Entries follow. Give back exactly the lines starting at the one containing "2 Indian Teenage" and ending at the one containing "Hot Witch Halloween", and no other lines.

DATA SHOWN:
++++++++++
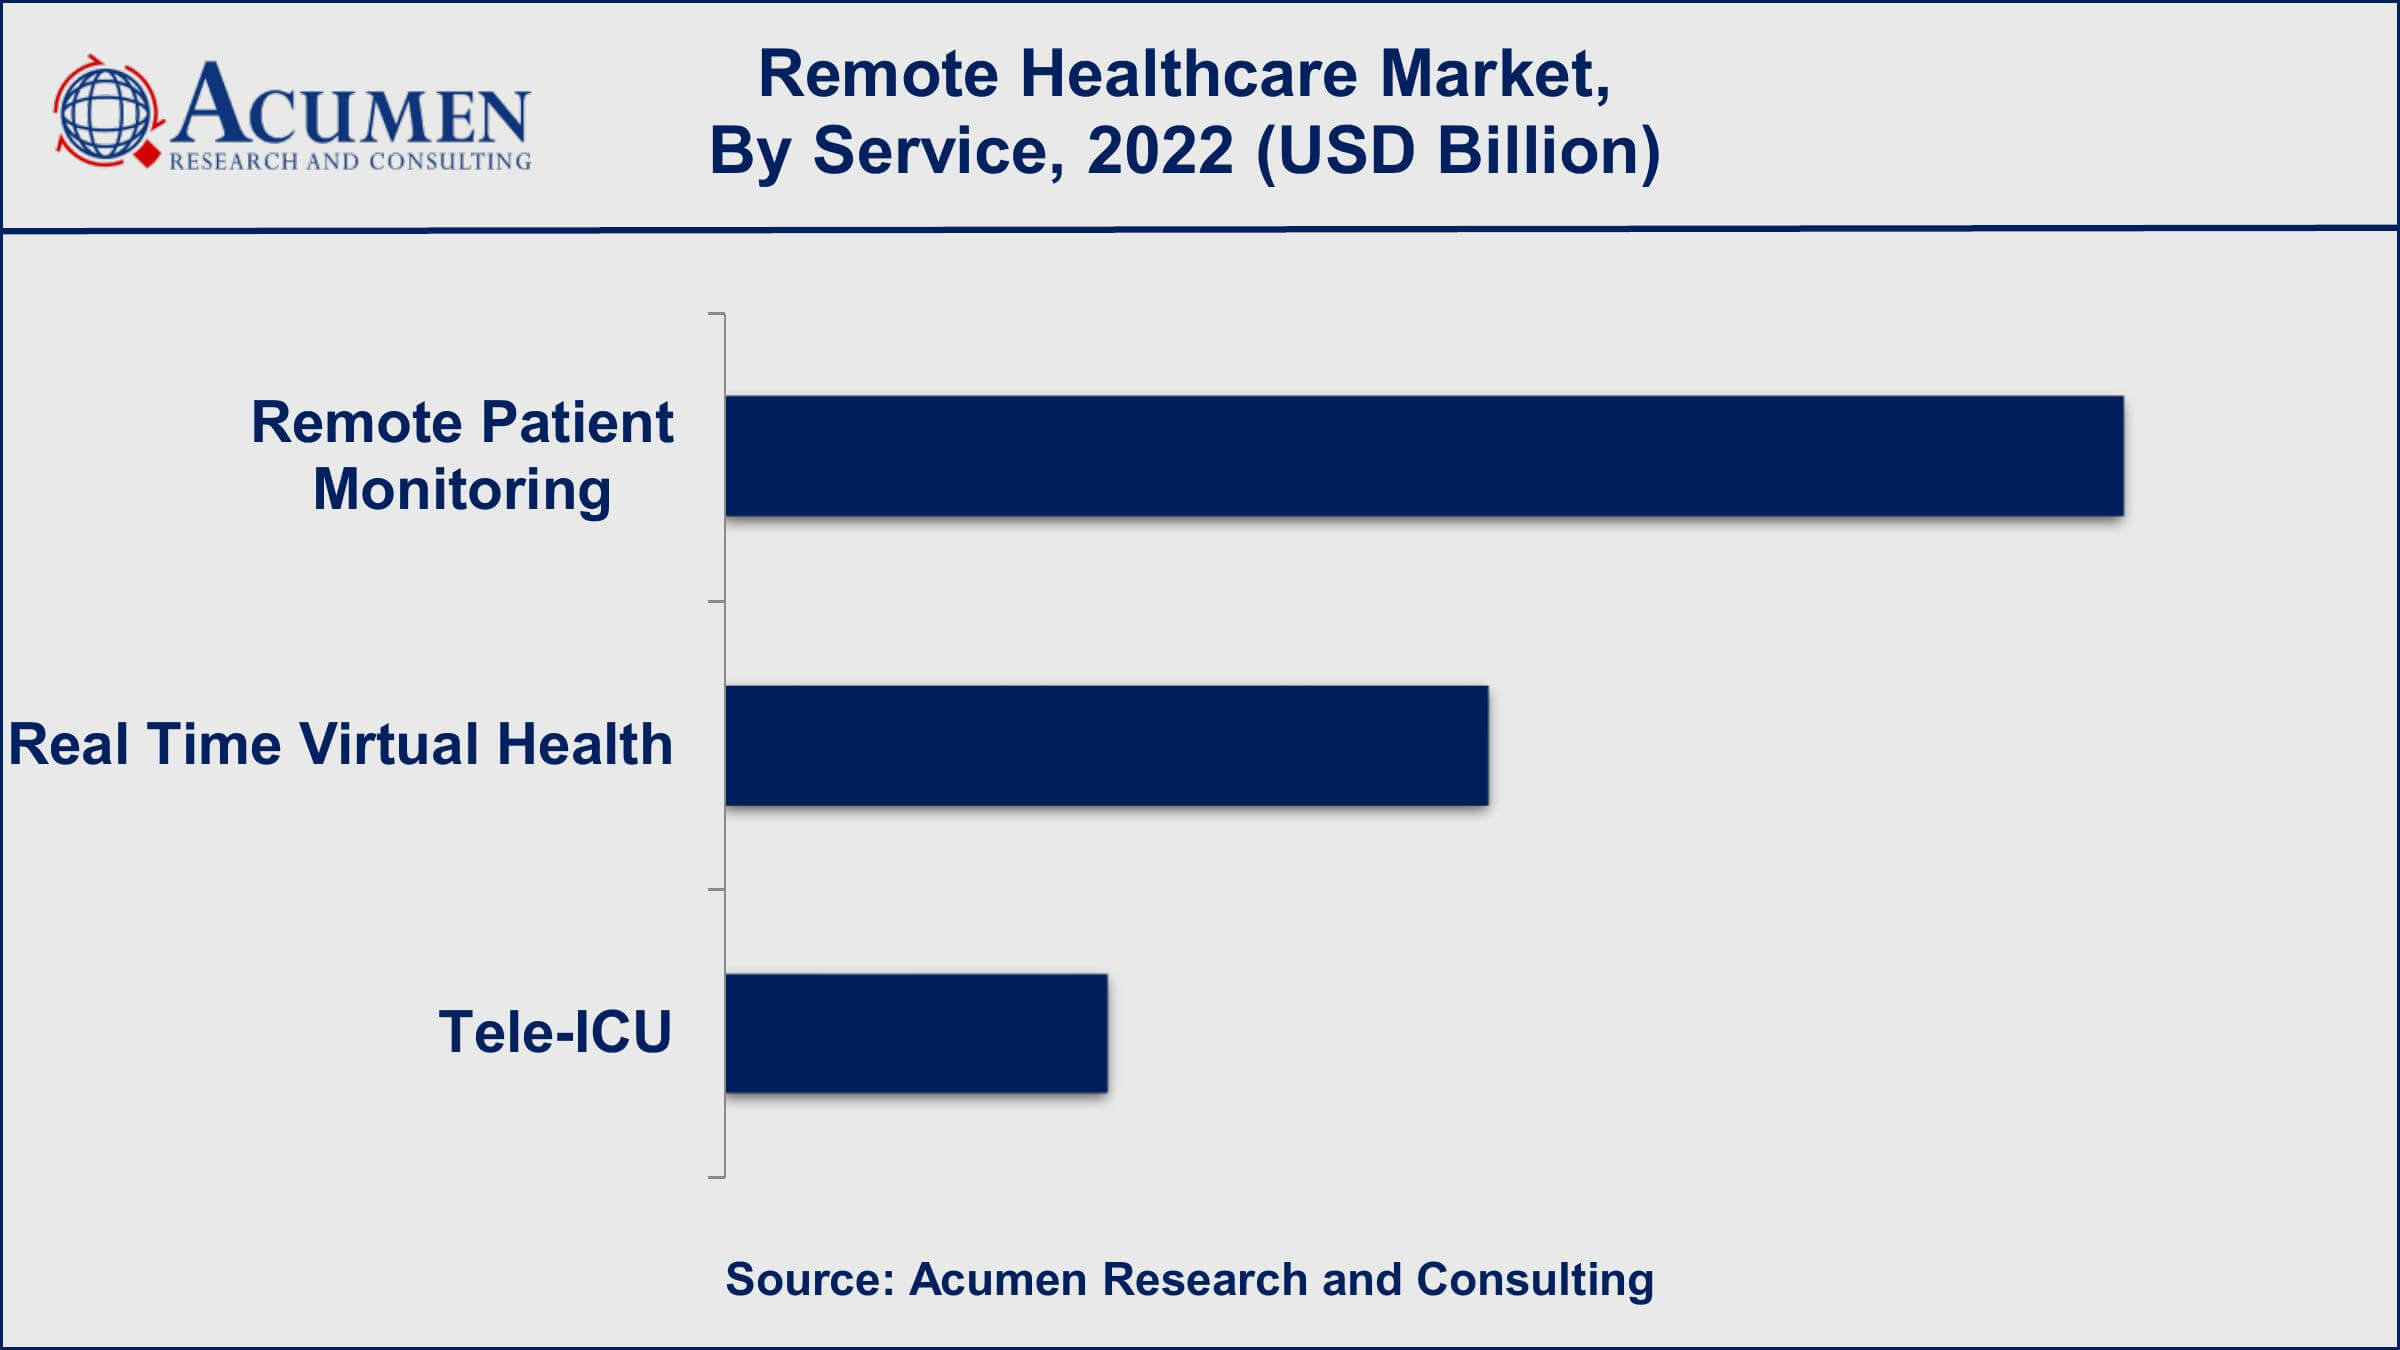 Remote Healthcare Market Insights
++++++++++
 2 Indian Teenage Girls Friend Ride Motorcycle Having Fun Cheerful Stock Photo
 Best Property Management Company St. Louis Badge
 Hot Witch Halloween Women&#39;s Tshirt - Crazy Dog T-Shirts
++++++++++
FINAL ANSWER:
 2 Indian Teenage Girls Friend Ride Motorcycle Having Fun Cheerful Stock Photo
 Best Property Management Company St. Louis Badge
 Hot Witch Halloween Women&#39;s Tshirt - Crazy Dog T-Shirts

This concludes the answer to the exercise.